Large government losses in the election were followed by the race riots of 13 May 1969, in which hundreds of people were killed in clashes between Malays and Chinese. The previous year, Mahathir had predicted the outbreak of racial hostility. Now, outside parliament, he openly criticised the government, sending a letter to Abdul Rahman in which the prime minister was criticised for failing to uphold Malay interests. The letter, which soon became public, called for Abdul Rahman's resignation. By the end of the year, Mahathir had been fired from UMNO's Supreme Council and expelled from the party; Abdul Rahman had to be persuaded not to have him arrested.

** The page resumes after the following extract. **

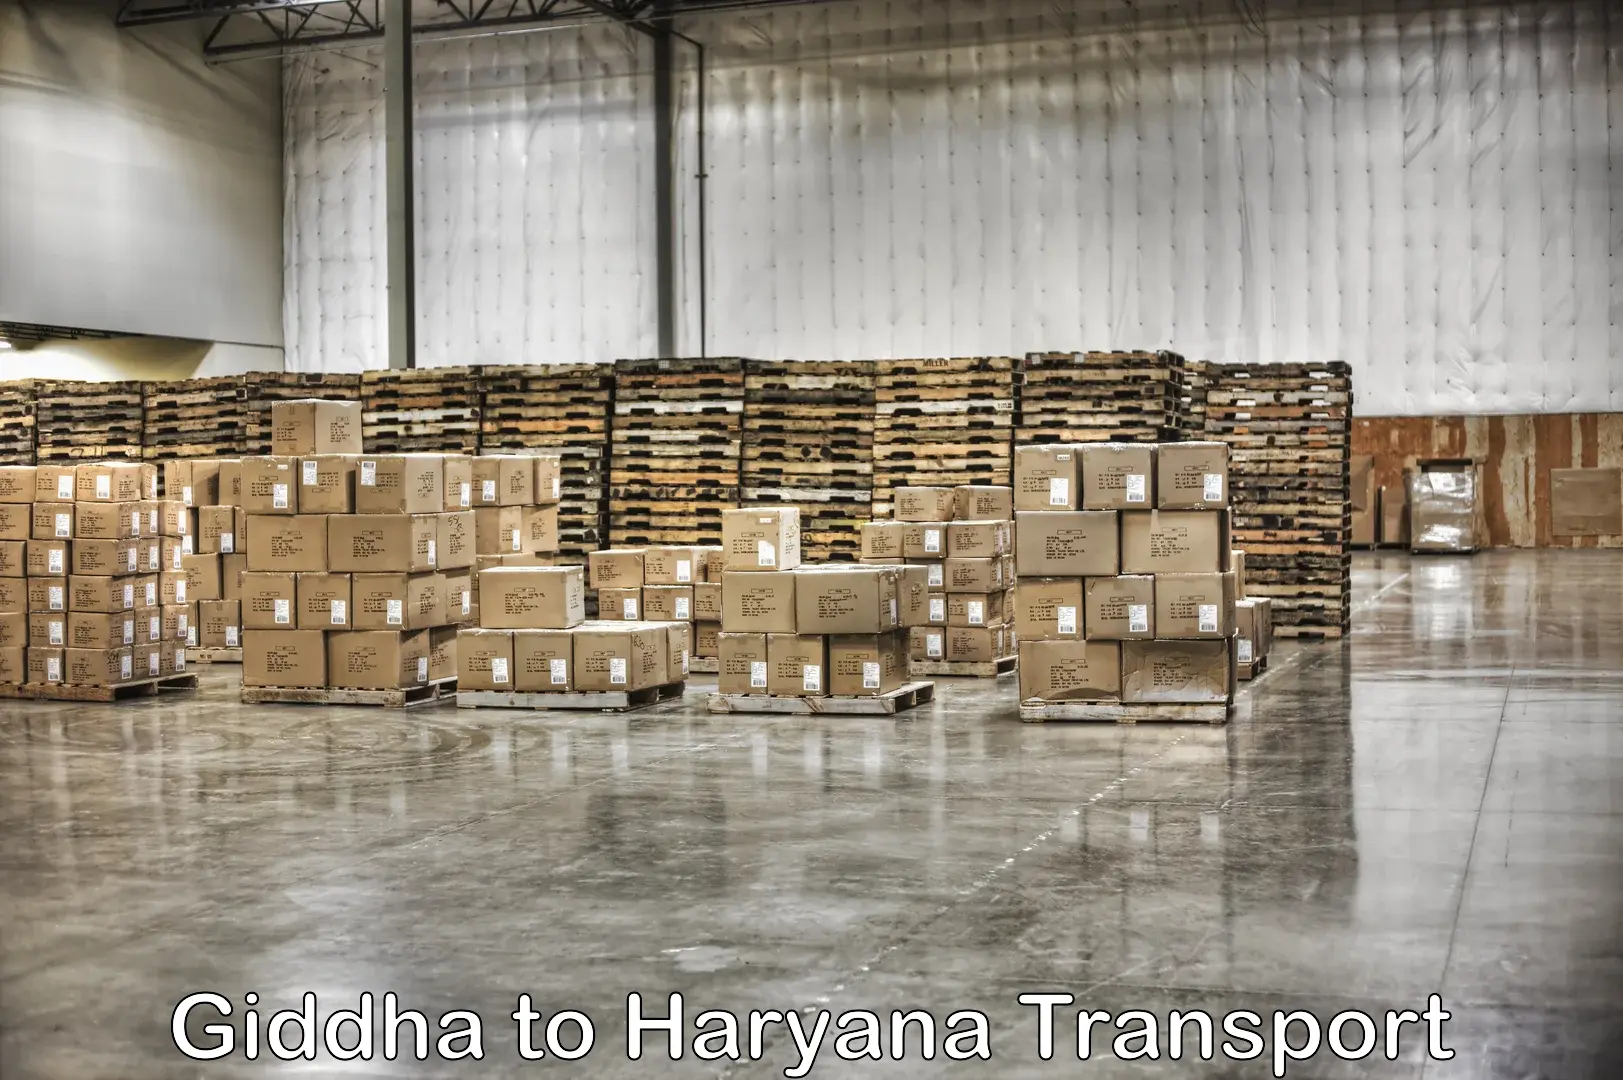 Express transport services in Giddha to Odhan

While in the political wilderness, Mahathir wrote his first book, The Malay Dilemma, in which he set out his vision for the Malay community. The book argued that a balance had to be achieved between enough government support for Malays so that their economic interests would not be dominated by the Chinese, and exposing Malays to sufficient competition to ensure that over time, Malays would lose what Mahathir saw as the characteristics of avoiding hard work and failing to "appreciate the real value of money and property". The book continued Mahathir's criticism of Abdul Rahman's government, and it was promptly banned. The ban was only lifted after Mahathir became prime minister in 1981; he thus served as a minister and deputy prime minister while being the author of a banned book. Academics R. S. Milne and Diane K. Mauzy argue that Mahathir's relentless attacks were the principal cause of Abdul Rahman's downfall and subsequent resignation as prime minister in 1970.